Dün 8 Mart Dünya Kadınlar Günü’ydü. Çoğumuz sosyal medyada kutlama mesajları gördük, belki birkaç etkinliğe katıldık ya da çevremizdeki kadınlara küçük jestler yaptık. Ama 8 Mart, çiçeklerle, mesajlarla geçiştirilecek bir gün değil. Bu gün, yıllardır süregelen bir mücadelenin, verilen emeğin ve hâlâ aşılması gereken engellerin hatırlandığı bir gün...

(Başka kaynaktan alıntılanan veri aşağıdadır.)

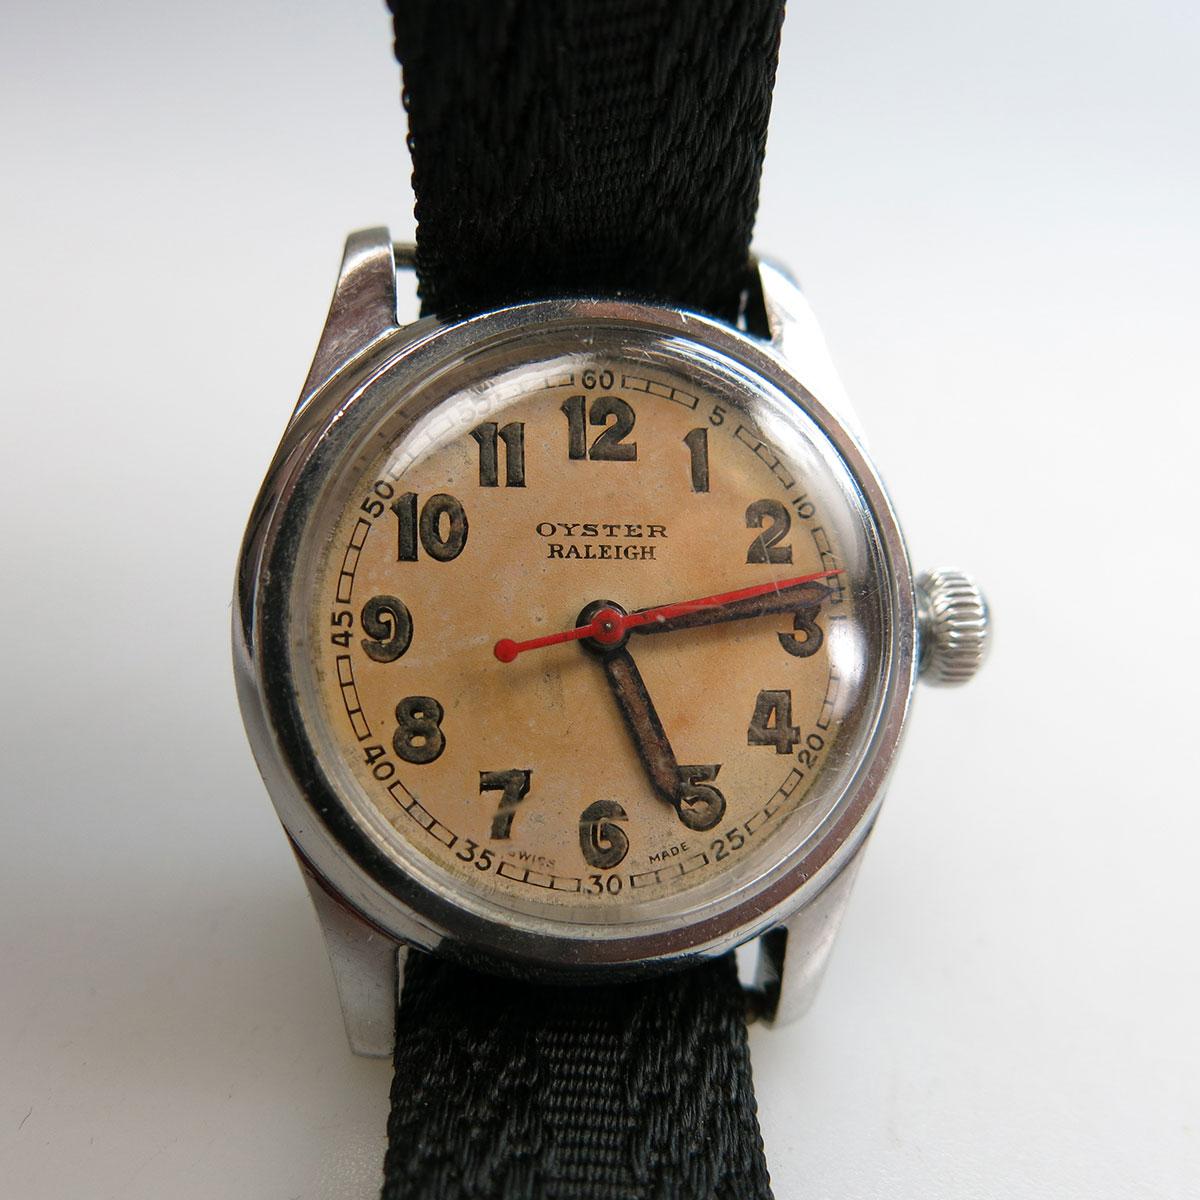 Oyster Raleigh Wristwatch

8 Mart’ın kökeni, 1857 yılında New York’ta daha iyi çalışma koşulları isteyen tekstil işçisi kadınların başlattığı grevlere dayanıyor. Ancak bu haklı mücadele, sert bir şekilde bastırıldı ve birçok kadın hayatını kaybetti. Yıllar sonra, 1910’da düzenlenen Uluslararası Sosyalist Kadınlar Konferansı’nda 8 Mart, kadınların haklarını savunmak için bir dayanışma günü olarak ilan edildi. 1977’de ise Birleşmiş Milletler tarafından resmî olarak tanındı. O günden bugüne, kadınların hak mücadelesi hâlâ devam ediyor.
Kadınlar iş hayatında, siyasette, bilimde, sanatta çok daha fazla yer almalı. Ama ne yazık ki, cam tavanlar hâlâ var, eşit işe eşit ücret hâlâ sağlanmış değil, kadınlar hâlâ şiddete uğruyor, hâlâ bazı kalıplara sıkıştırılmaya çalışılıyor. Elbette kazanımlar var ama mesele sadece 8 Mart’ta hatırlanmak değil; asıl önemli olan, yılın her günü eşit ve adil bir dünya için çaba göstermek.
O yüzden 8 Mart sadece bir kutlama günü değil, bir farkındalık günü. Bugün, haklarını savunan, emeğini ortaya koyan, mücadeleden vazgeçmeyen kadınlarla daha eşit, daha özgür ve daha adil yarınlar için…
8 Mart Dünya Kadınlar Günü kutlu olsun.